TASK TO CARRY OUT: The data must be given again exactly as written, with all images omitted.

Start of DATASET CONTENT

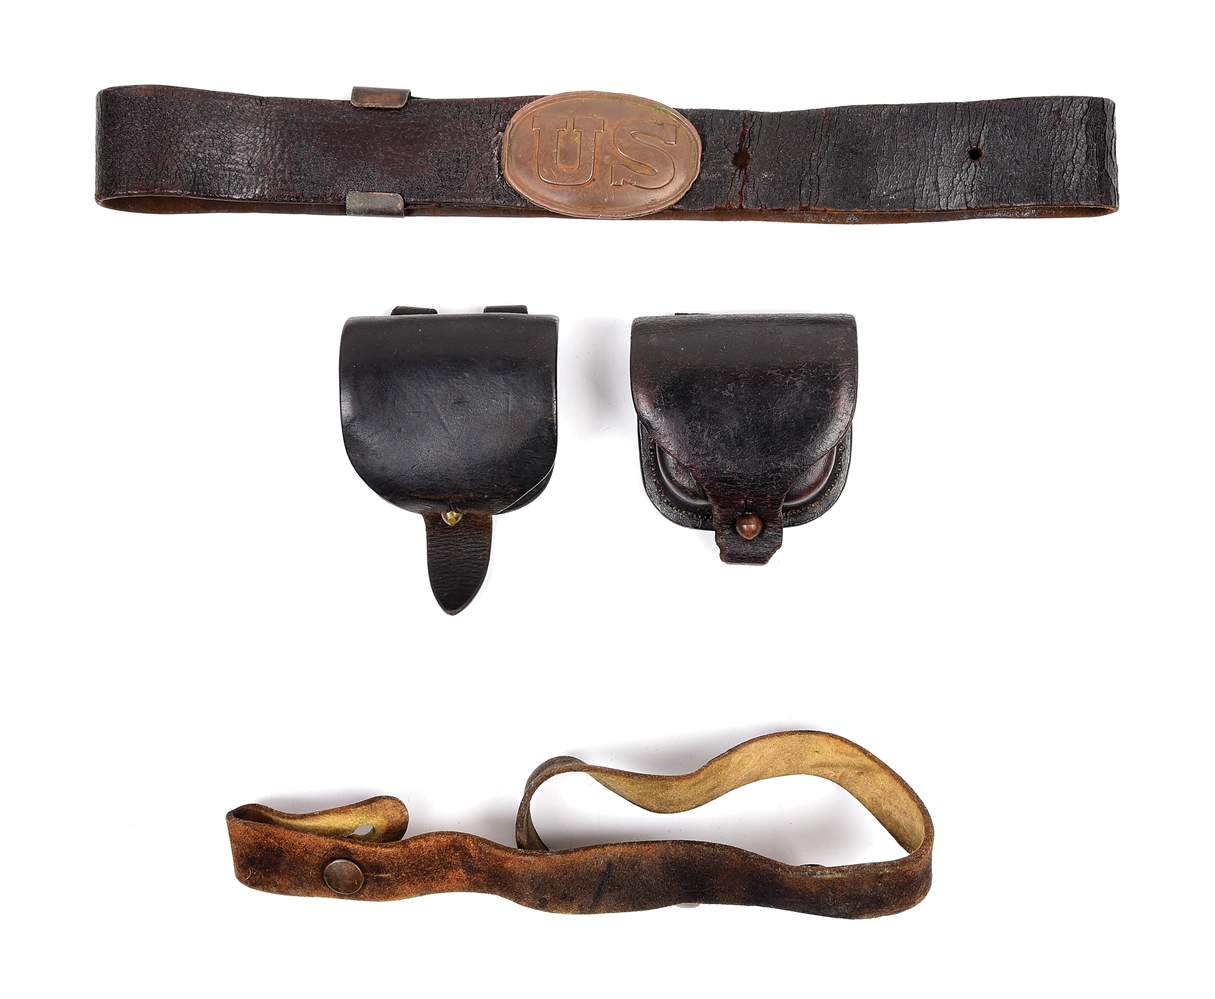 LOT OF 4: 2 CIVIL WAR CAP BOXES, ENLISTED BELT AND PLATE, AND DRAGOON SWORD HANGER.
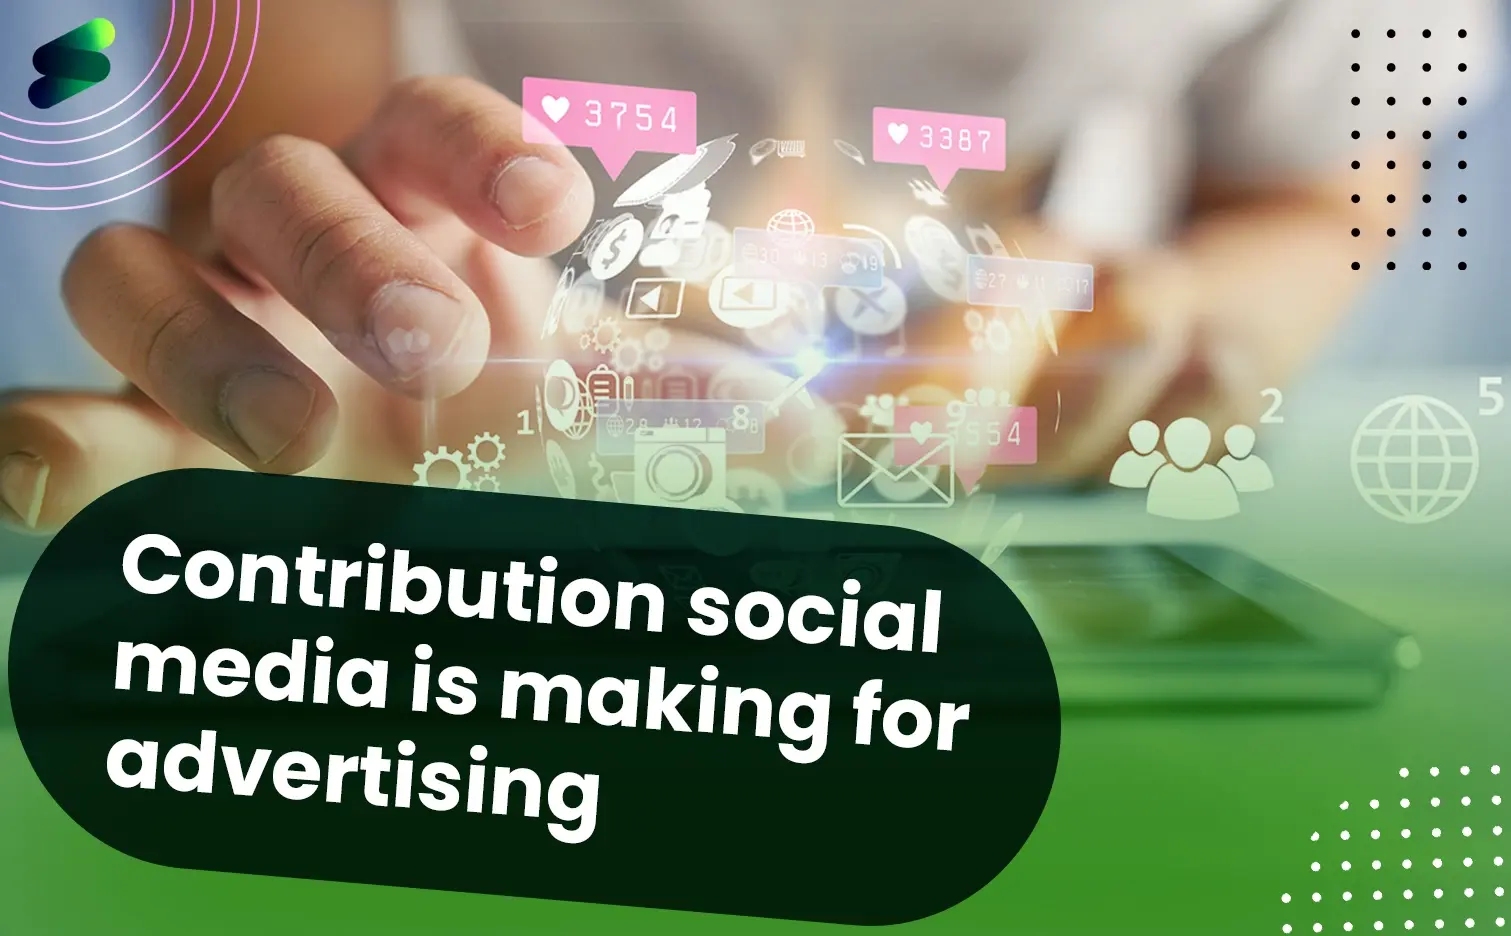 Contribution social media is making for advertising
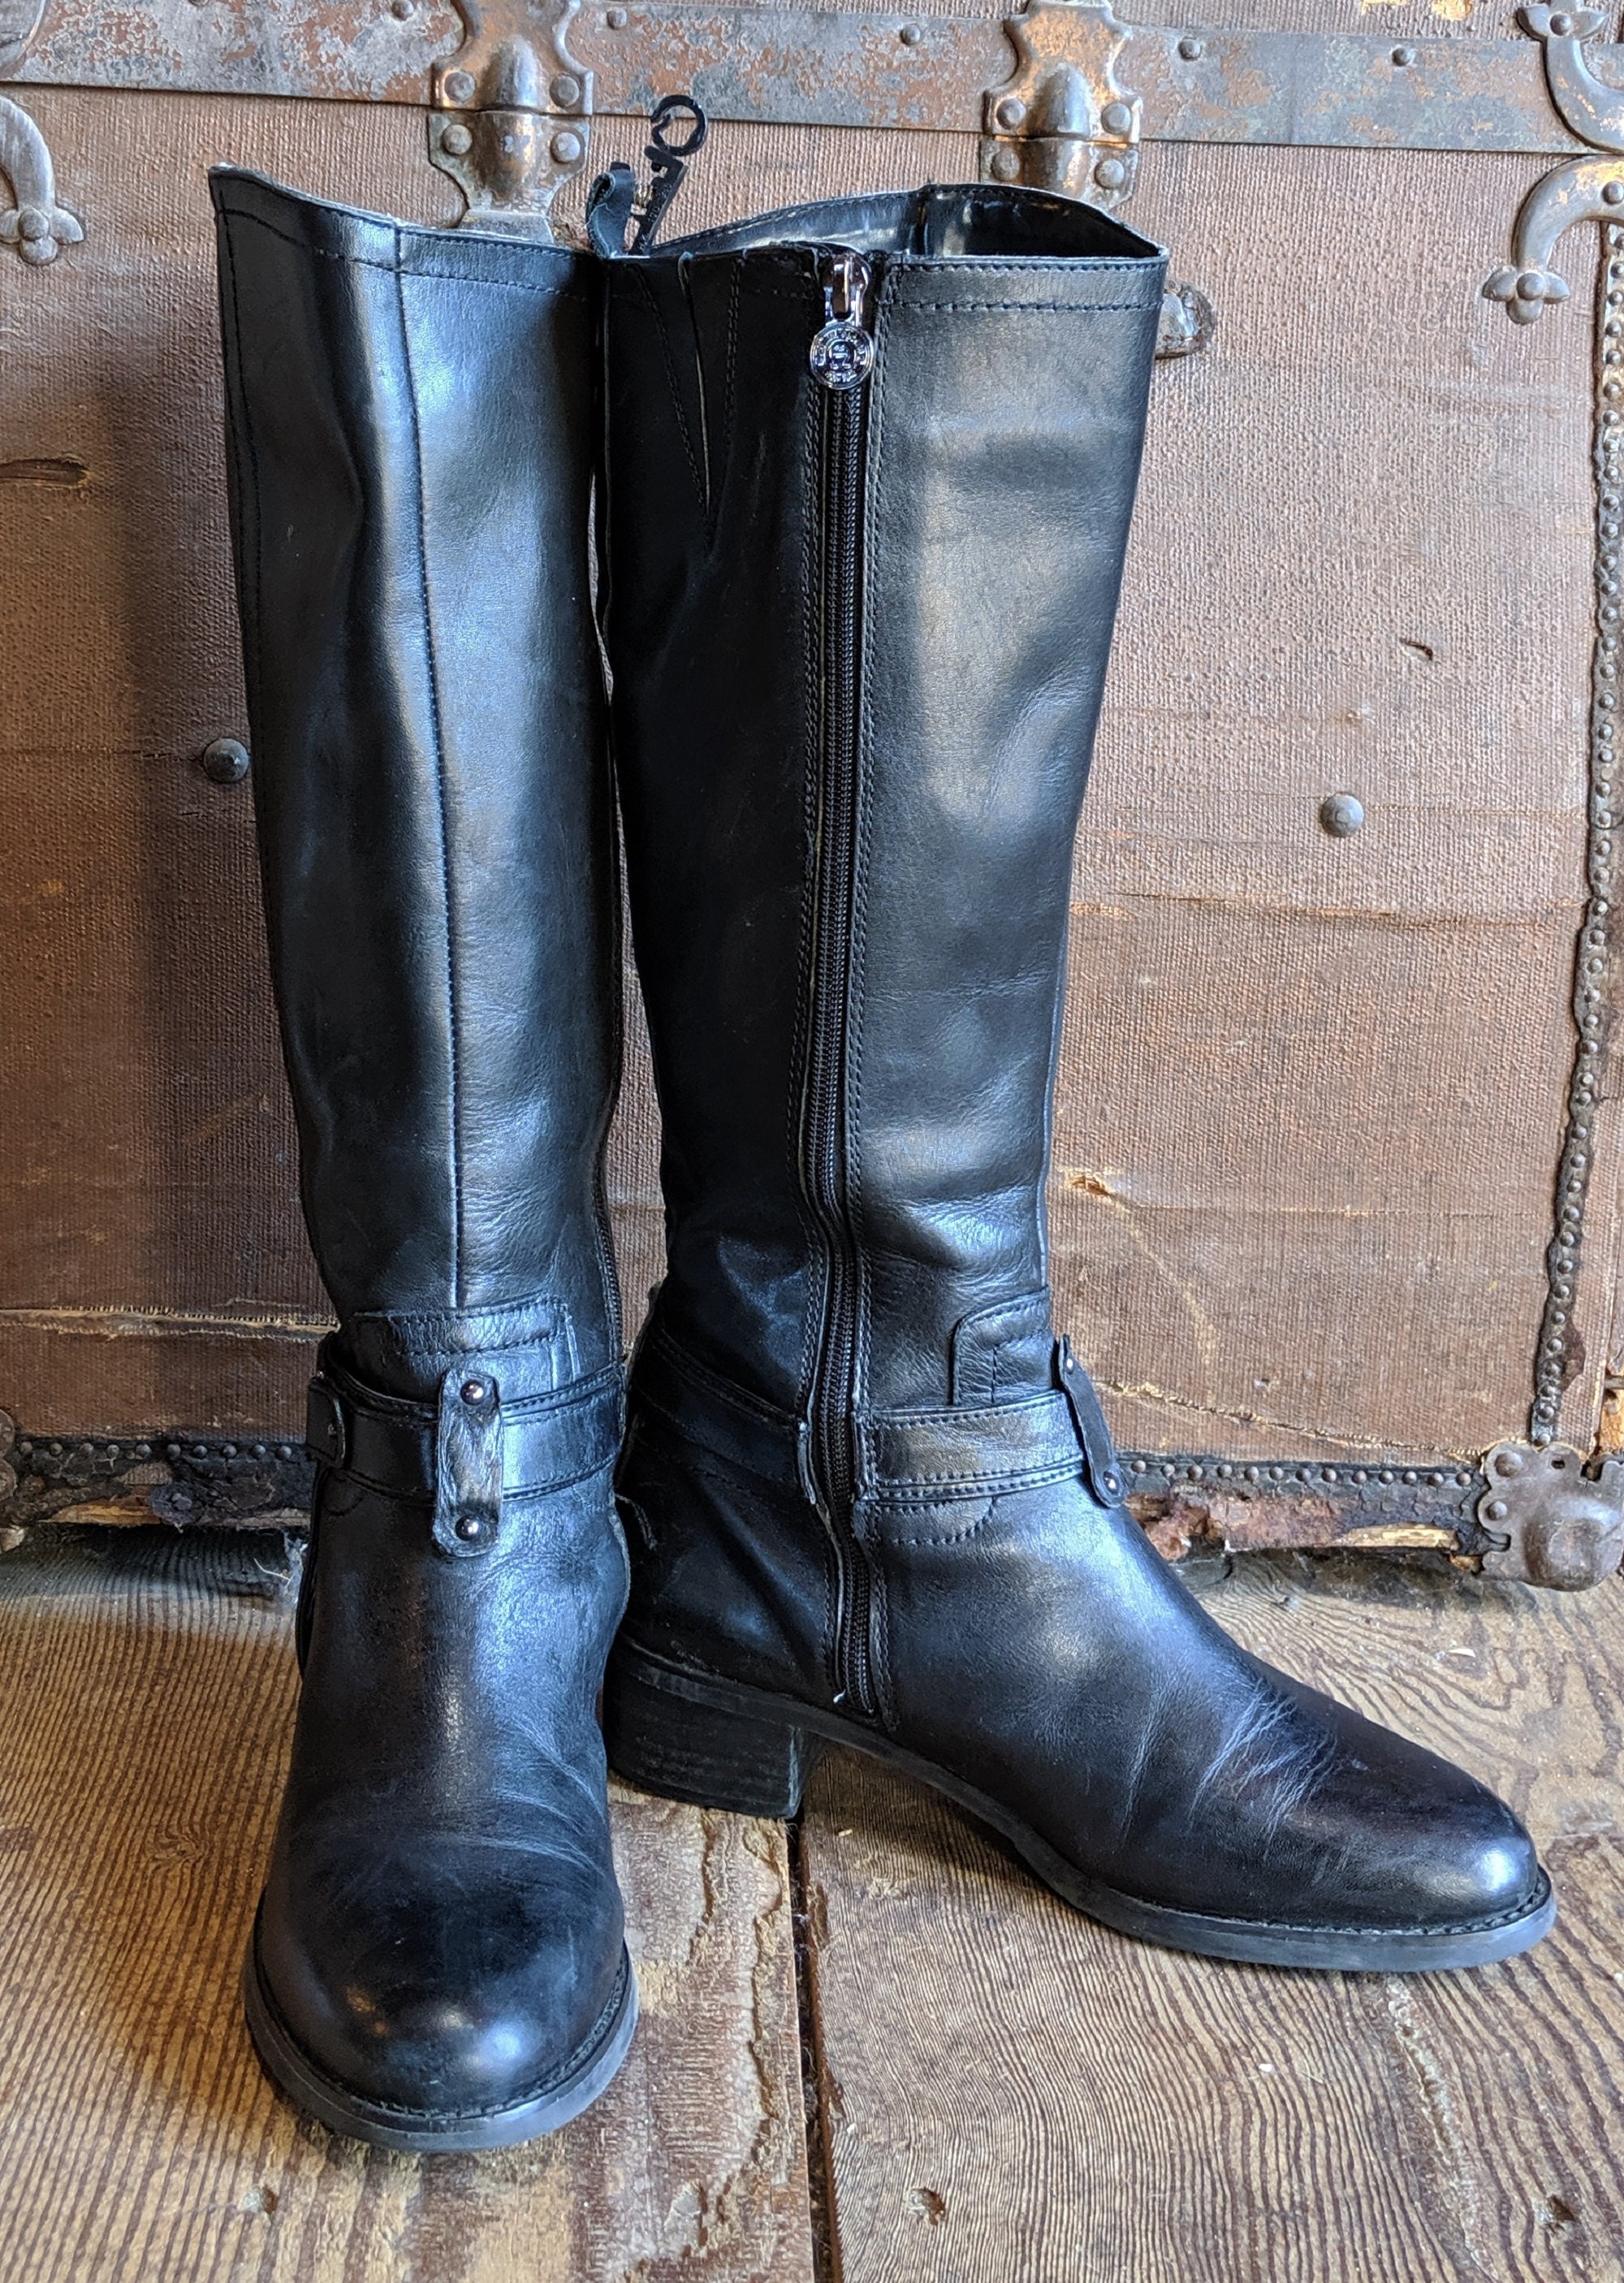 Vintage Riding Boots Etienne Aigner Tall Leather Equestrian lining

End of DATASET CONTENT

SOLUTION:
 LOT OF 4: 2 CIVIL WAR CAP BOXES, ENLISTED BELT AND PLATE, AND DRAGOON SWORD HANGER.
 Contribution social media is making for advertising
 Vintage Riding Boots Etienne Aigner Tall Leather Equestrian lining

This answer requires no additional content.